Kayaking the Ortega River through the Republic of East Florida toward Confederate Point

by Tim Gilmore, 6/17/2012

Moving so slowly through the waters offered her a new way to see the city, and the new way was the old way to see the city. The waters were the original highways. Timucua moved about on these waters 1500 years and more before any European or African did. Gently floating, the kayak became a part of the Ortega River, bobbing beneath the short concrete Ortega Bridge by the cable warnings and the signs admonishing, “Do No Dredging” in stern Old Testament form.

It was dark out and the spirit moved upon the face of the waters. Having turned in at Big Fishweir Creek, the dim lights in random condominium windows acknowledged her before the sun rose. But the junction of Big Fishweir Creek and the Ortega River bore many old posts and dockings, perhaps even an old boat or two, just under the water, and the floor from which they rose had piled high from silt from the movement of one body of water into that of the other. An old post upturned her and the silt pulled up to her knees in the shallows. She held onto the kayak and pulled herself upward. When she pushed against the creekbed with her feet, the creekbed pulled her further down. She had turned turtle in the accumulation of creekbed that had been moving into riverbed over uncountable periods of time.

She felt other presences on the river and could easily associate them with spirits. She knew them to be pelicans, cranes, all the living things beneath her in their natural medium and she so out of hers, the fish, the turtles, the snakes, not impossibly an alligator, and along the edges of shore and bank and riprap and bush the raccoons, the possums, the bobcats, the owls. Many living things saw her, while she saw no living thing. Their cumulative presence, their cumulative awareness, and her cumulative lack of awareness of anything more than the idea of them coalesced into one presence. The dark morning river was alive with that presence. The way the earth can be called a living planet, the Ortega River was an entity that watched her and let her stay afloat just by momentary whim.

She paddled past the skylines of the boatyards. She paddled, sitting in the waves, and the hulls and masts and riggings stood high above her. The masts were the skyscrapers of the river world. Slowly, wave by wave, she bobbed by Sadler’s Point Marina. She saw faces looking at her from decks in the dark. She didn’t think anyone was really there at all, but they were looking at her all the same. On a post straight above her, a pelican perched and in the moonlight and the lights from the pier, it might have been a pterodactyl. It looked down on her, out of the ancient past, out of deep-time, out of geological time. What was she doing down in the river so old? By whose right? And what ancient things had transpired where this boatyard floated? And how much had happened that led to her being here? The boatyard too was ancient, but not on the same scale. The two timescales occupied the same space, but shared no point of intersection. The boatyard was barnacled, shabby but clean, clean but seedy, both aged and preserved in its brine.

The city existed on all sides of these rivers, but she wasn’t sure how or what the city was on the rivers themselves.

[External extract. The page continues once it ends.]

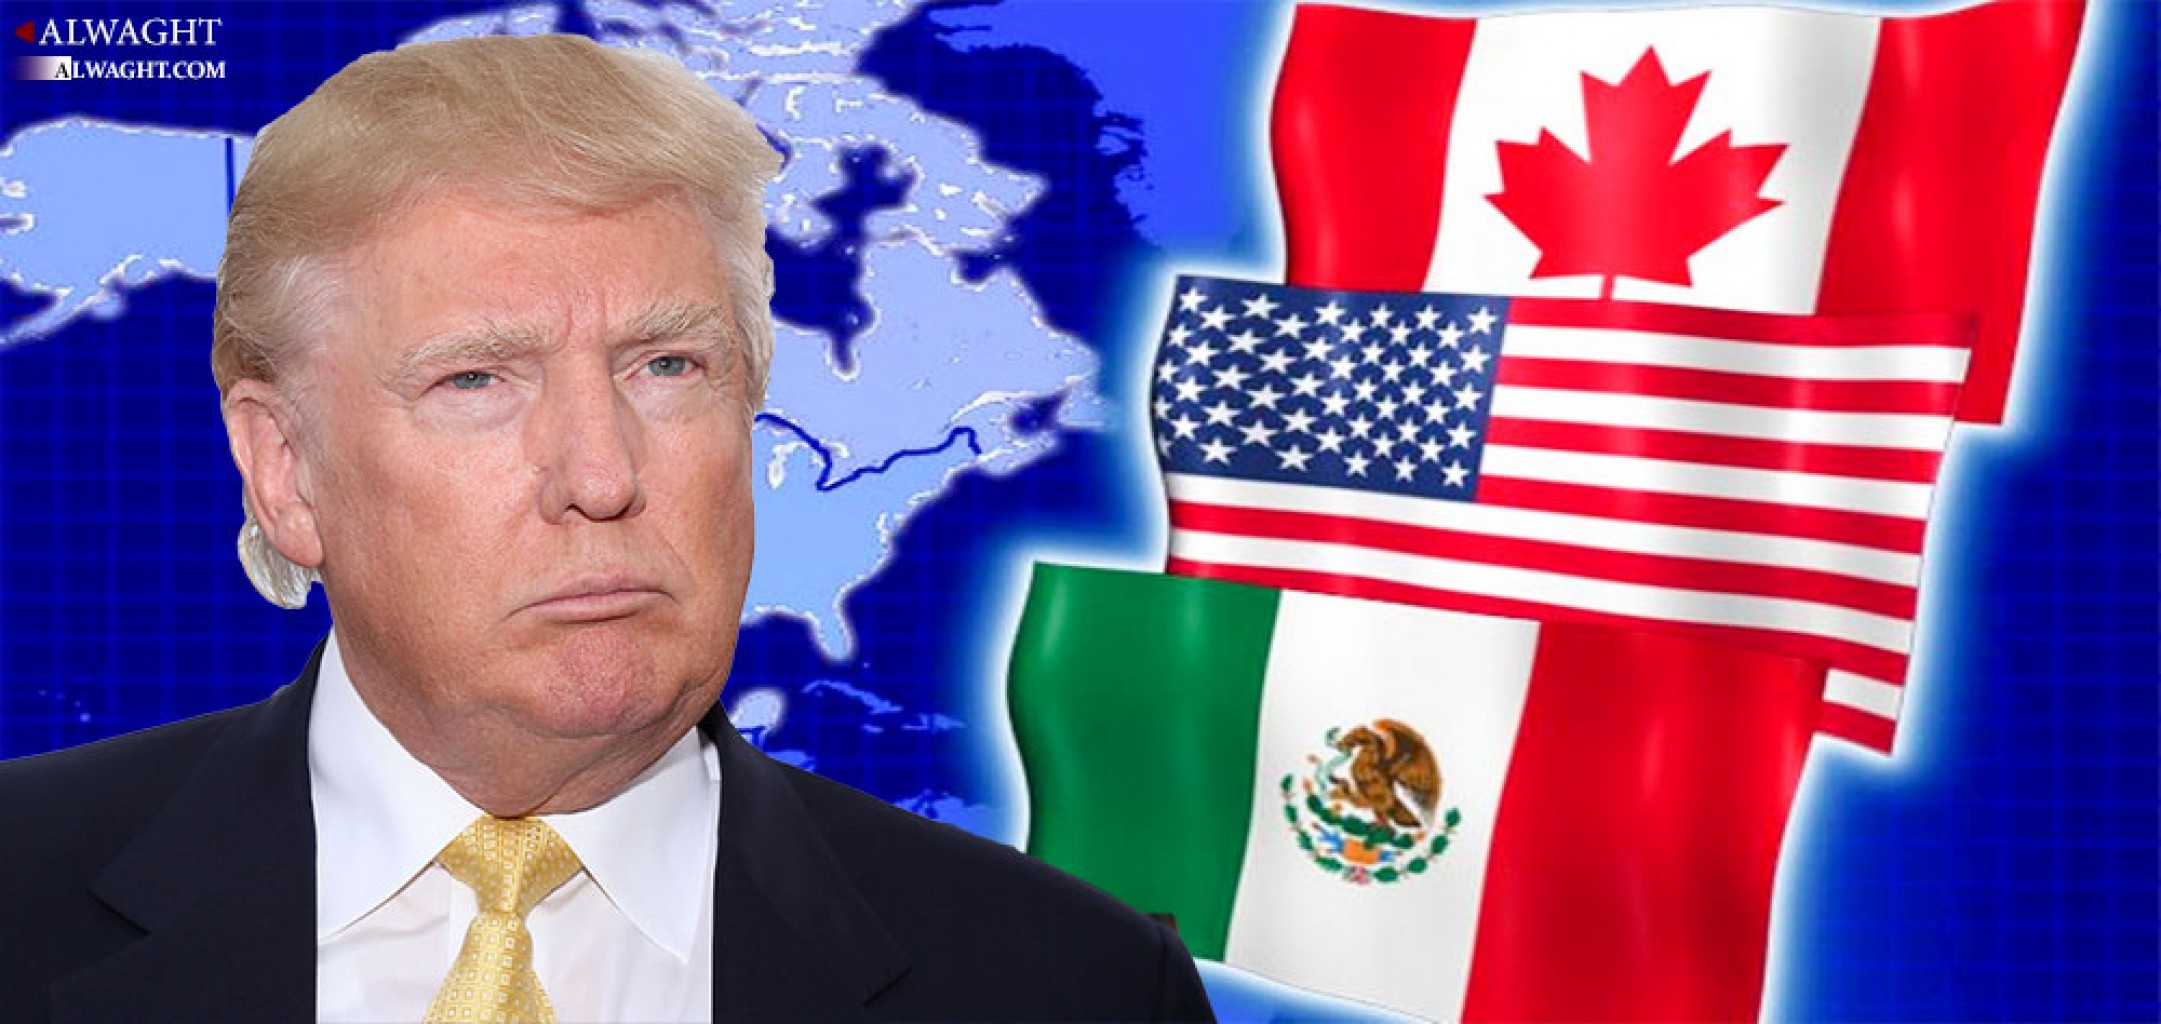 Trump defiende política comercial con China, Canadá y México

Perhaps the rivers could abide no city, though the city would never have been born without the rivers. Despite that irony, perhaps out here on these waters, nothing but flow could obtain, and as flow is the truest state of the world, any possibility of city out in the flow of the natural would be inadmissible. Or perhaps since the true state of all things was flow, and that included the illusion of city or of the stasis of city, then the city was most itself out here on the rivers. On the rivers before sunrise, she was starkly alone. On the rivers before sunrise, she was less alone than she had ever been before.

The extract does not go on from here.